Background
risk_serial.py simulates a number of Risk battles. Risk® is a strategy board game in which players try to conquer the world by controlling territory groupings roughly corresponding to continents. A territory is conquered when an attacking player's armies defeat the armies currently occupying the territory.
While it's not necessary to understand the rules of the game to carry out this assignment, it may be useful to know that battles are conducted by rolling dice. An attacking player holding four or more armies may choose to roll up to three dice; a defending player holding two or more armies may choose to roll one or two dice. The number of allowed dice decreases for both players as the number of armies fall below these thresholds. Again, the details are unimportant for the purpose of this assignment but the rules are implemented in risk_serial.py. The outcome of a battle is determined by comparing rolls of the dice—the attacker’s highest roll vs the defender’s highest roll, then the attacker’s second highest roll vs the defender’s second highest roll; the defender wins ties. For example, if the attacker rolls [5, 3, 2] and the defender rolls [5, 2], then each player will lose one army (5 == 5, won by the defender, and 3 > 2, won by the attacker). Battles may continue until the defender has 0 armies, in which case the attacker has conquered the territory, or until the attacker has 1 army, in which case the attack has failed.
risk_serial.py takes a command line argument to determine the number of simulations to carry out. Each simulation starts with both players holding 10,000 armies and proceeds until one player is unable to continue. Because the program takes a command line argument, you must invoke it from the command line. For example, python risk_serial.py 50 carries out 50 simulations then prints the mean, standard deviation and median of the number of attacking armies remaining when the defender has none. It also prints the time taken by the simulations.
Procedure
Your task is to parallelize risk_serial.py. Create two programs, one using threads (risk_thr.py) and one using multiple processes (risk_mp.py). For the threads program, fork a separate thread for each simulation. Rather than returning the result from run_simulations() you should put it in a queue. You will have to join the threads—queue.task_done(), needed for queue.join(), is used by consumers to indicate they have finished processing items taken from the queue. run_simulation(), though, is a producer that puts an item in the queue.
One problem you will face is that the statistics functions don't work on a queue. So you have to get() the items from the queue and put them in a list in order to print the simulation statistics.
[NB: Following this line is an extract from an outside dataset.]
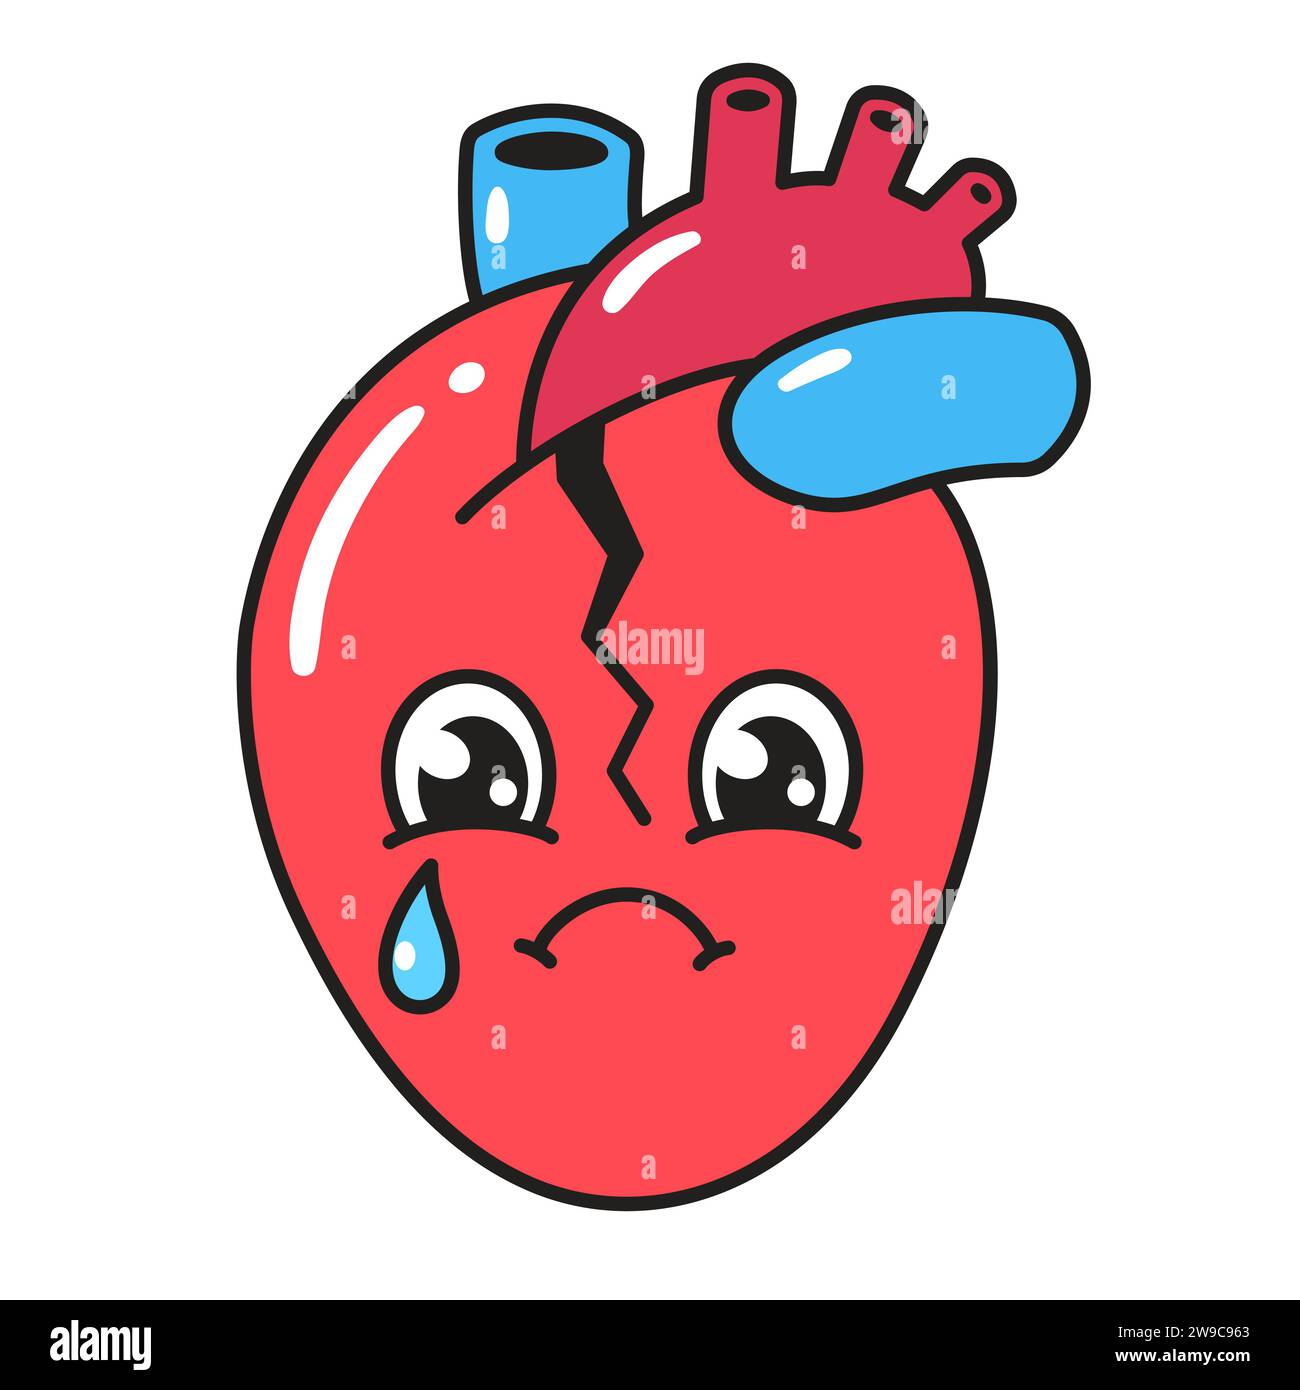 Sad broken heart character, simple retro comic style vector illustration. Cartoon anatomical heart with crying face. Stock Vector

Using multiple processes is a bit more involved because you don't want to start a separate process for each simulation—in fact, you should use the number of processors available to the program. You can find the number of processors using multiprocessing.cpu_count(). The number of simulated battles is not likely to be evenly divisible by the number of processors—so one processor may have to do some additional simulations. For example, if you have 4 processors to run 50 simulations, three processors will do 12 simulations while one will do 14 simulations. You can determine how to apportion simulations among processors using integer division (num_simulations // num_processors) and modulo (num_simulations % num_processors).
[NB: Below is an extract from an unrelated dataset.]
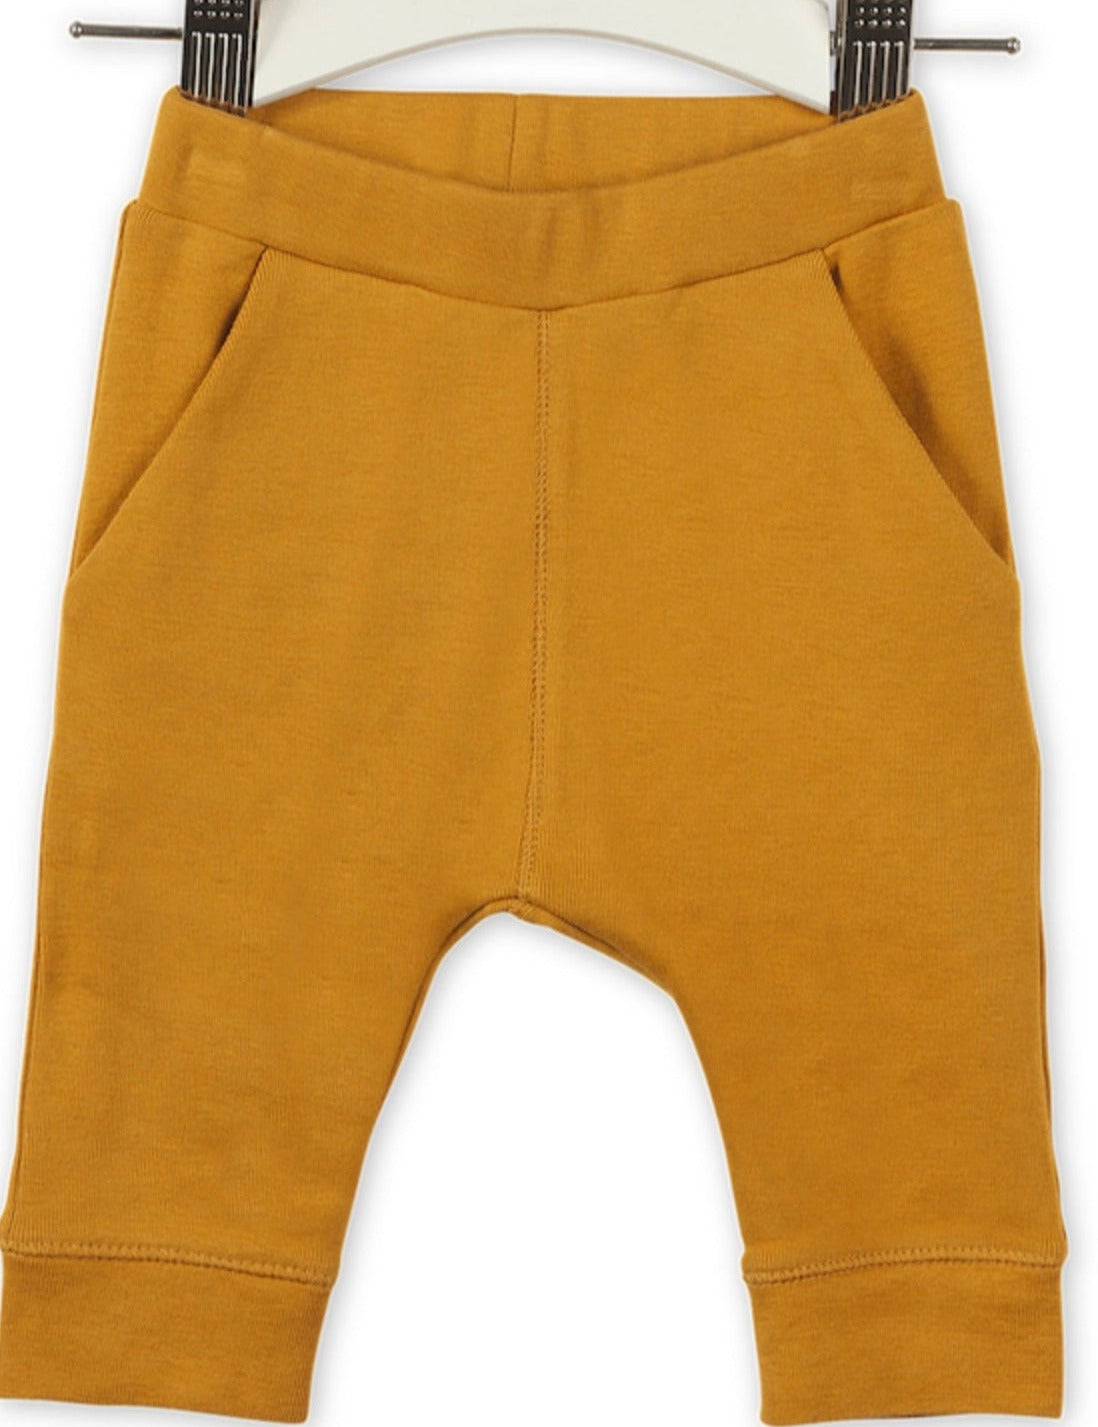 Imps & Elfs Pants in Organic Cotton for Mini Girls and Boys 0-12M - CapuletKids

Make a list of processes then start them in one loop and join them in another loop. Once again, you'll have to move the results from the queue into a list before printing the statistics (by the way, be sure your queue for this program is a multiprocessing queue). NOTE: I used a global queue on Linux but I had to make it local to main(), and pass it to run_simulations(), on Windows.
Try your programs, as well as risk_serial.py, with 25, 50, 75, and 100 simulations. Include a short report (text or Word document) giving the results of these experiments. Explain your results—which program is fastest, and why? Which program is slowest, and why? Also, in your report, document the number of cores on your test system.
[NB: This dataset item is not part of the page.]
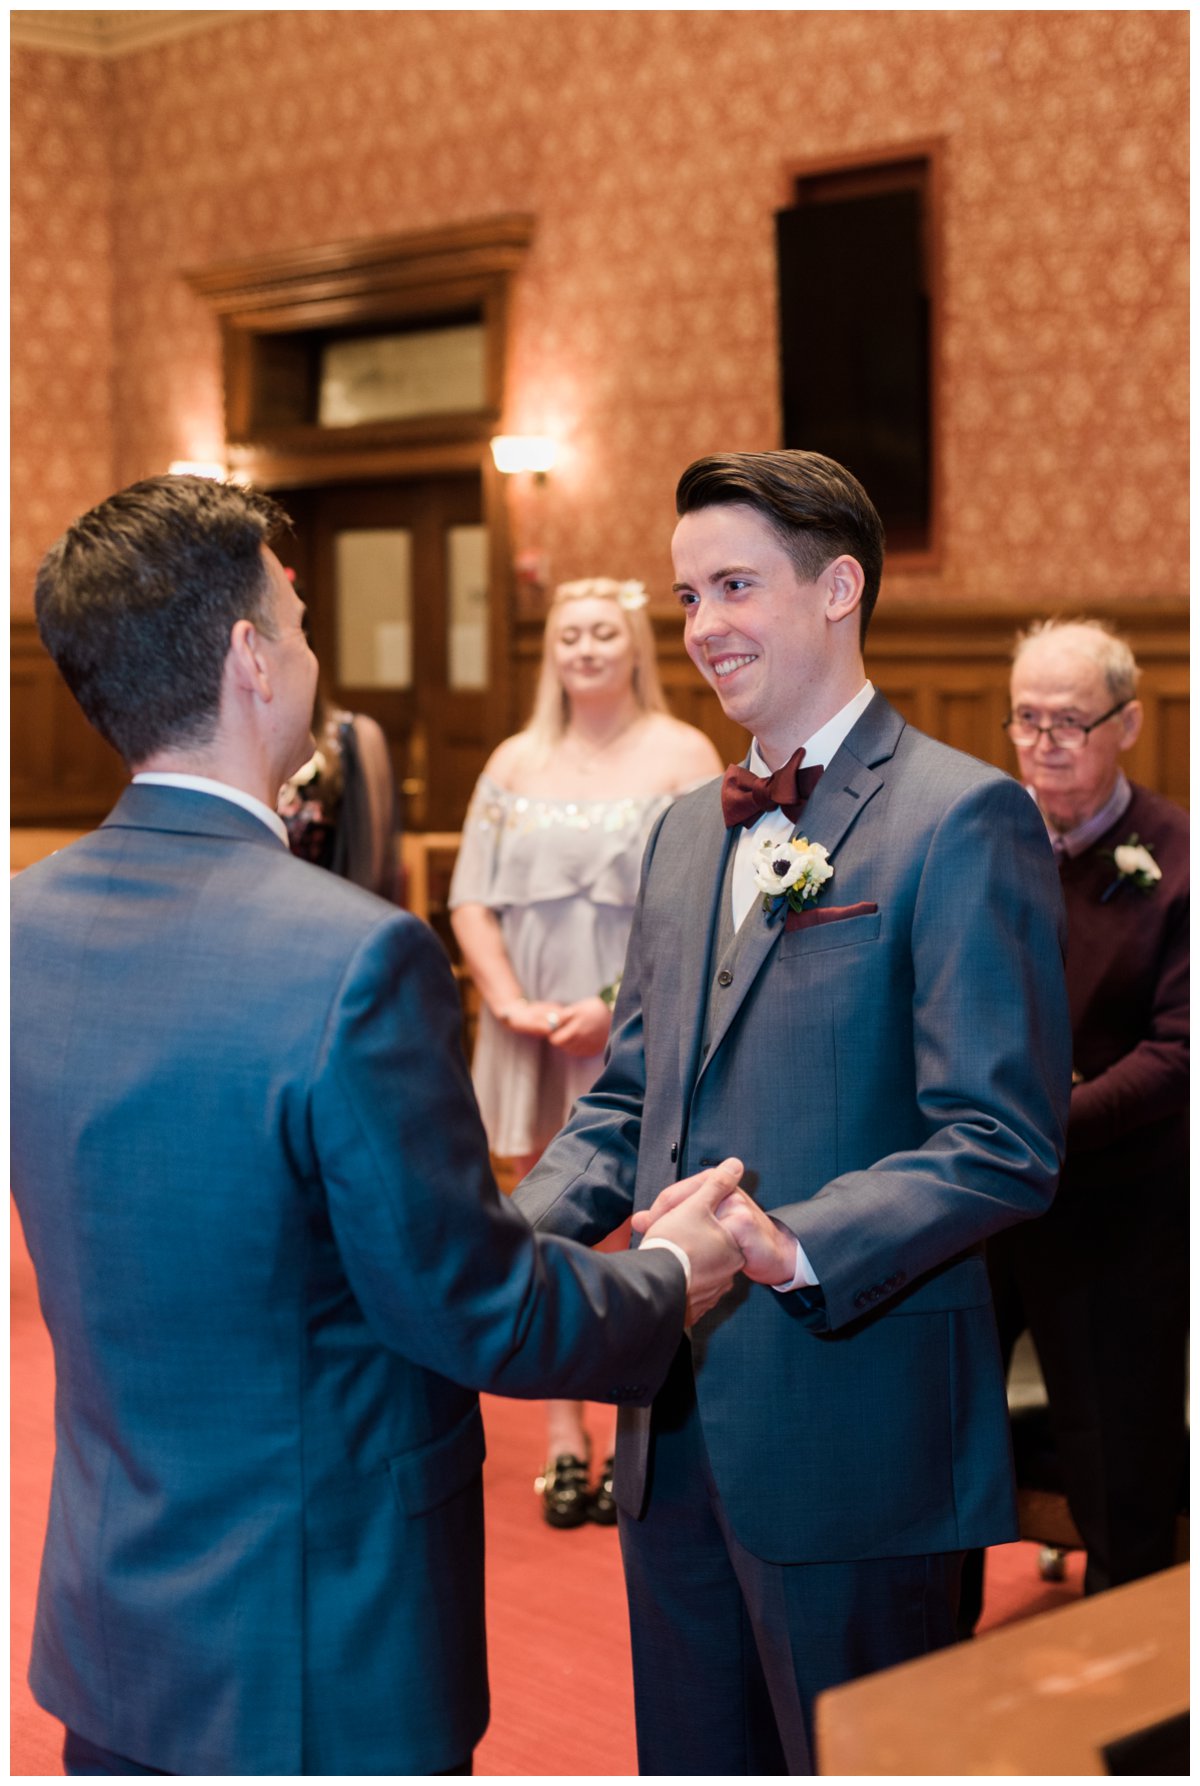 Grooms getting married at Cambridge city hall

Number of cores on the test machine(Windows): 4
- Results for risk_serial.py:
Simulations | Time(s) |
---|---|
25 | 1.89 |
50 | 3.85 |
75 | 5.76 |
100 | 7.42 |
- Results for risk_thr.py:
Simulations | Time(s) |
---|---|
25 | 1.82 |
50 | 3.75 |
75 | 5.67 |
100 | 7.44 |
- Results for risk_mp.py:
Simulations | Time(s) |
---|---|
25 | 0.60 |
50 | 1.06 |
75 | 1.57 |
100 | 2.20 |
Because of python’s global interpreter lock, threads cannot run concurrently. Since there is not much overhead in I/O operations in the serial program, risk_thr.py runs as fast as risk_serial.py. However, risk_mp.py uses multiple processes that run in parallel and hence outperforms risk_serial.py and risk_thr.py.